Roan Kattouw

From devsummit
Revision as of 16:23, 8 January 2018 by Rkattouw (talk | contribs)
(diff) ← Older revision | Latest revision (diff) | Newer revision → (diff)
Tags Architecture, Contributors, Data Center
Primary Session Evolving the MediaWiki Architecture
Secondary Sessions Advancing the Contributor Experience

Users should not be punished for logging in

WMF wikis are slower for logged-in users than for anonymous users, which is unhelpful for trying to get users to contribute. This is a long standing problem that's hard to solve, but we should have a vision for how we're going to solve it.

WMF has caching data centers in strategic locations around the world (Amsterdam, San Francisco and soon Singapore), which make the wikis faster for users who are not near the primary data center (in Virginia) but are near a caching location. However, this only benefits anonymous users. For logged-in users, every page view contains their user name and other user-specific information in the personal tools area, so logged-in page views are considered uncacheable and are always routed to the primary data center.

This means that if a new user browses the site for a while, then creates an account because they want to contribute (or makes an anonymous edit), the wiki suddenly becomes slower for them. All users are affected, because uncached requests are slower to serve than cached ones, but users outside North/South America are affected the most, because their traffic now has to cross an ocean that it didn't have to cross before. It's not nice that a new user's 'reward' for creating an account is a slower experience, but it's especially not nice that users in emerging communities are affected the most. If we want to encourage readers to become contributors, slowing the site down as soon as someone contributes is not very helpful.

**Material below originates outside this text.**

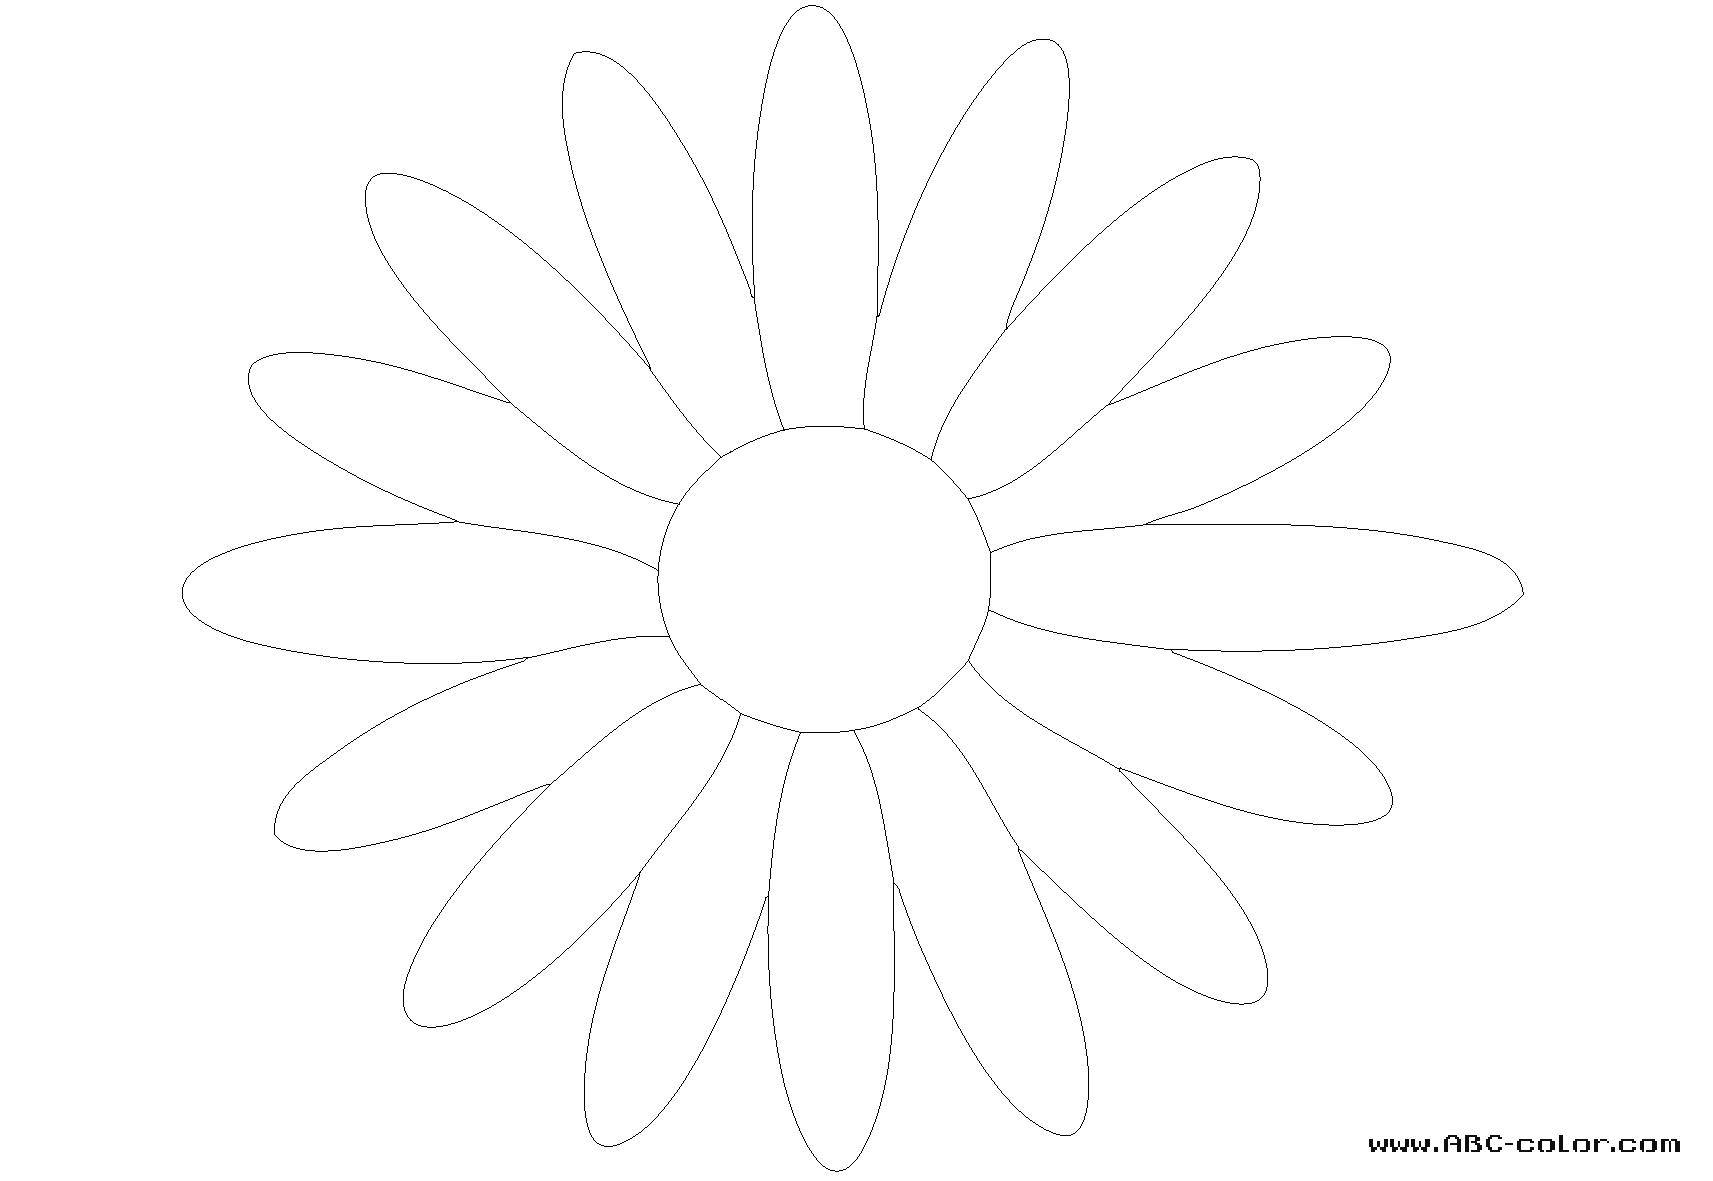 C:\Documents and Settings\Пользователь\Рабочий стол\daisy-wheel-bitmap-coloring.png

Some requests will always have to go to the primary data center, such as POST requests saving an edit, and those are always going to be slower for users outside North America. But for logged-in page views this isn't fundamentally necessary, and serving them from the edge caches would speed up the site for logged-in users and reduce the load on the app servers. There are different ways that this could be done, each with their own obstacles. For example, a single-page application for MediaWiki could use a content service to retrieve only the new page's contents when navigating, but this would require modifying or rewriting a lot of code in MediaWiki; ESI could be used to have Varnish inject cached page contents into a user-specific chrome, but that would require using advanced and partly unproven Varnish features. In both cases, we'd have to reimplement certain rendering preferences using CSS or a post-processing step. It's far from trivial, but let's start talking seriously about how we can address this problem.